### THE PROBLEM
Your answer should be the lines below from the one with "AVAILABLE 3 STYLE ‼️" to the one with "vector illustration of", both included, given again exactly and with nothing added.

### DATASET EXTRACT

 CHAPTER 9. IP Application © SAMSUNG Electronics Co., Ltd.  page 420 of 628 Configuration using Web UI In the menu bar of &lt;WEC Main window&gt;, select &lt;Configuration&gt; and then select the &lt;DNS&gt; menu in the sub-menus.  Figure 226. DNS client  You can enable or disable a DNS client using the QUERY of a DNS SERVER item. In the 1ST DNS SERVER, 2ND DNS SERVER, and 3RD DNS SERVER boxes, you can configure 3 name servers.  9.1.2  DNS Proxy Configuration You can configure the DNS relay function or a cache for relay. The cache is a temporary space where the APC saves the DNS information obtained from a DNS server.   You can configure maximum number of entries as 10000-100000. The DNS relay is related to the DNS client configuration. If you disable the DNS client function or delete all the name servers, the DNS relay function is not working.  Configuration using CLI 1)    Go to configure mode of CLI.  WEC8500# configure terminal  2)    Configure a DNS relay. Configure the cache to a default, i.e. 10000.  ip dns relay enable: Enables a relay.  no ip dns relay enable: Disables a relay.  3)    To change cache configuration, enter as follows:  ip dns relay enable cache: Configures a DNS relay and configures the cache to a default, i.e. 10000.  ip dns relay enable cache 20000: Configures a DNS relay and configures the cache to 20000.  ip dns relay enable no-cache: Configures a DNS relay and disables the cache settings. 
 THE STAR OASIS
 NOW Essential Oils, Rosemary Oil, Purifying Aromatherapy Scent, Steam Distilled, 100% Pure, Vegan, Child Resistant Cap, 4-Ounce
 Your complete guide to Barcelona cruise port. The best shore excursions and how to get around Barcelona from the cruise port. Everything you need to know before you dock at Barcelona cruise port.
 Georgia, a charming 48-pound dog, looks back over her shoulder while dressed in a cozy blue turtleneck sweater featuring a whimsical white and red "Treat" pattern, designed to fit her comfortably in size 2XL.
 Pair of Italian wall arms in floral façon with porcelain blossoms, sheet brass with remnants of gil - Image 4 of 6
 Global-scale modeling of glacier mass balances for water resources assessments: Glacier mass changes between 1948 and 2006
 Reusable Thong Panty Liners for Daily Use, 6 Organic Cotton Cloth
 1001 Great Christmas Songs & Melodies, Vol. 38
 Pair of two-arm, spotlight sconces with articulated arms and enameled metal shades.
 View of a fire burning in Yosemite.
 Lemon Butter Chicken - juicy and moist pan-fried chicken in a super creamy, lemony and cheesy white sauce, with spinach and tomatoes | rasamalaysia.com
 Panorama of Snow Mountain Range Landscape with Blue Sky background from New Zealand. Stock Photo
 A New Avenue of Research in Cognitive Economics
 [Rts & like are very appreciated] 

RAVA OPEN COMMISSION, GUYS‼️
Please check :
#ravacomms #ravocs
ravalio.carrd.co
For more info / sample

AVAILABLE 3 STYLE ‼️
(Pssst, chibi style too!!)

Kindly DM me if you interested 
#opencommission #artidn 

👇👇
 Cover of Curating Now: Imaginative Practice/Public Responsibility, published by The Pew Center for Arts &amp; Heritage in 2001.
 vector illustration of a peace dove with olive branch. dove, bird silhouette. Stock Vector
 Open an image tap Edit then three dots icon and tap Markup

### ANSWER SPACE
AVAILABLE 3 STYLE ‼️
(Pssst, chibi style too!!)

Kindly DM me if you interested 
#opencommission #artidn 

👇👇
 Cover of Curating Now: Imaginative Practice/Public Responsibility, published by The Pew Center for Arts &amp; Heritage in 2001.
 vector illustration of a peace dove with olive branch. dove, bird silhouette. Stock Vector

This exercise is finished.